Various methods, which will be discussed here, have been suggested to reduce selection bias, each with their own requirements and assumptions. Some methods require there to be additional data available external to the study [4] - [7] , some require data regarding the non-participants [8] , and some assume that the variable associated with selection is known and measured [9] - [11] . Each method will be briefly introduced and sources given for further reading. A tool in the form of a straightforward flowchart is also provided to aid the selection of an appropriate method, depending upon the details of a study and any additional information available. Three examples are presented which demonstrate the flowchart. Exploration into the suggested methods can then be conducted, allowing the researcher to select a method to reduce selection bias more easily. We hope this tool encourages the use of such methods and consequently leads to results less affected by selection bias.

2. Methods to Reduce Selection Bias

Table 1 summarizes the main methods used in the literature to reduce selection bias [3] which will be included in this guidance, and gives suggestions for further reading through original articles, examples or comprehensive summaries. These methods have similar themes, such as using the variable associated with selection in the analysis, weighting responses or predicting the effects of the bias. Additional, less frequently used methods are of course applicable, as are any new methods which are not yet widely used, but this tool is designed to be a starting point which can be developed through time and which should be useful for most types of research affected

Table 1. Current key methods used to reduce selection bias.

by selection bias.

Table 2 includes the data requirements of each method; including whether it requires the variable associated with selection to be known and recorded, whether population data external to the study are required or whether data regarding the non-participants who declined the study are needed. Where more than one category has been ticked, this indicates the method can be adapted for use when an alternative source for the required data is available. For the variable associated with selection to be collected, it is assumed the variable is known and can be recorded during the study. There may be instances where this variable is unknown, cannot be collected, or is impractical to record. This includes data which are expensive to collect, sensitive, or due to an unidentified variable. However there may be instances where a proxy may be used instead. The population data indicates information external to the study, for example from a database or alternative records. Sources may include census data or hospital registries. These data are assumed to be unbiased and represent the entire population of interest. Non-participant data are basic characteristics recorded from those who were unwilling to participate. These are usually data from the subject themselves, but may also be from external sources similar to those used to collect the population data.

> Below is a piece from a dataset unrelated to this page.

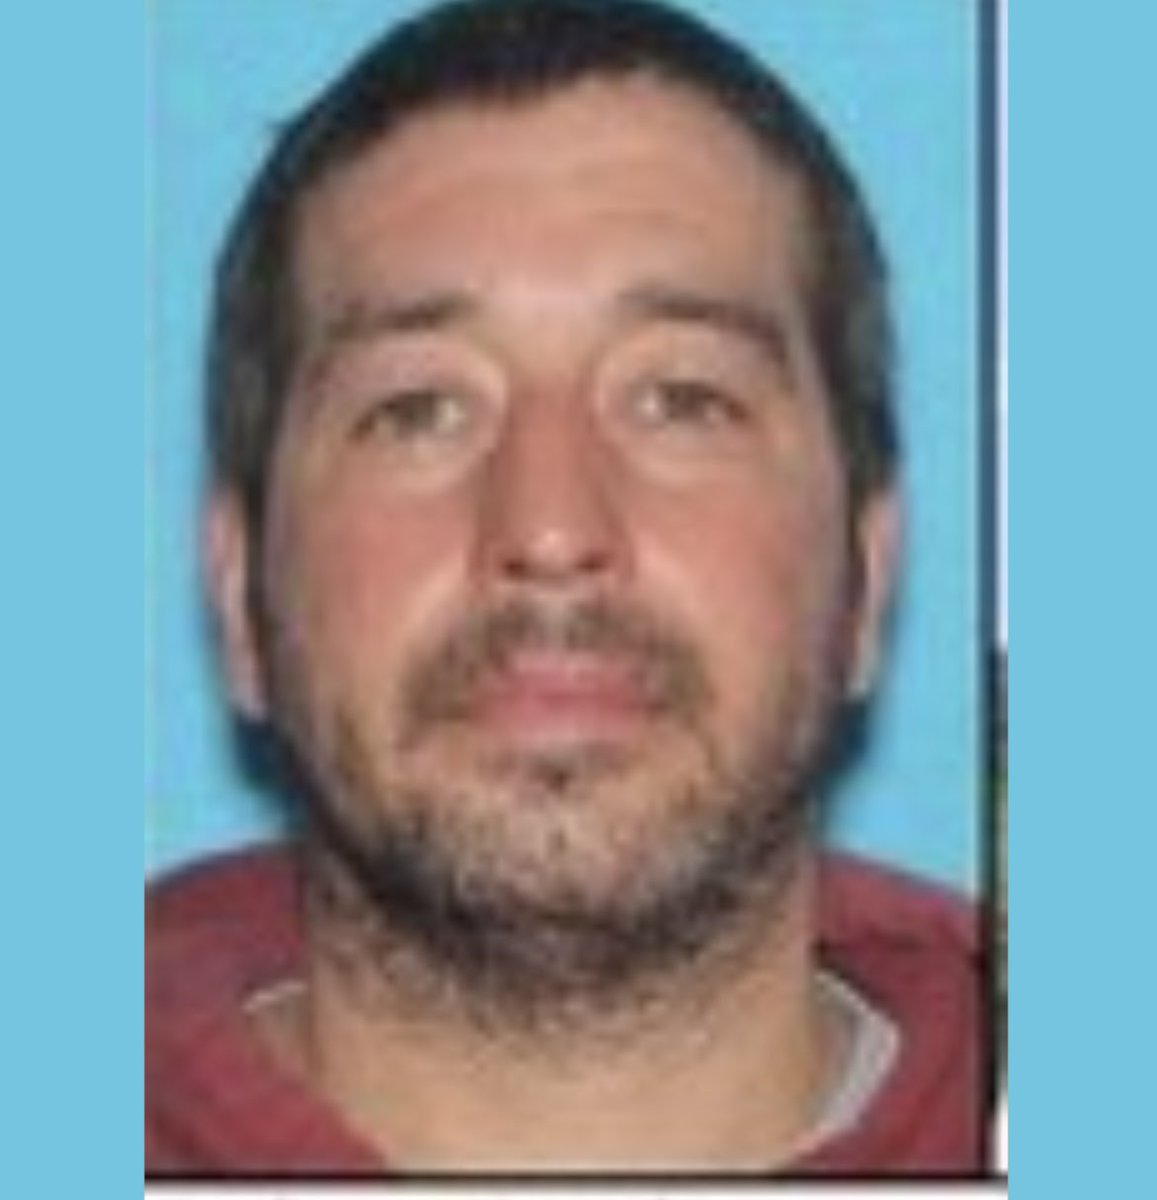 #ME state police: arrest warrant issued for Robert Card on 8 counts of murder. #WBZ #ITeam Suspect in #Lewiston shooting that left 18 dead and 13 wounded is still at large

Although the three data categories used in Table 2 are sourced from different places (the participants, the population and non-participants respectively), there are relationships between them. For example, if the original potential participants are representative of the population of interest, and relevant information is known for all non-participants, then the non-participant data in conjunction with the participant data could be used to approximate the population data. Therefore under certain circumstances it may be possible to use a different column from Table 2 for the data source, other than the one(s) ticked. Table 2 and the consequent tool can be interpreted as a generalization or guide, which can be adapted by the researcher if these conditions are met.

Although each of the methods in Table 1 is designed to reduce selection bias, they do so using different techniques and assumptions. Therefore, a method which may be optimal for one study may not be suitable for another. Some are also aimed at particular study designs, for example two were developed specifically for case control studies [5] [7] .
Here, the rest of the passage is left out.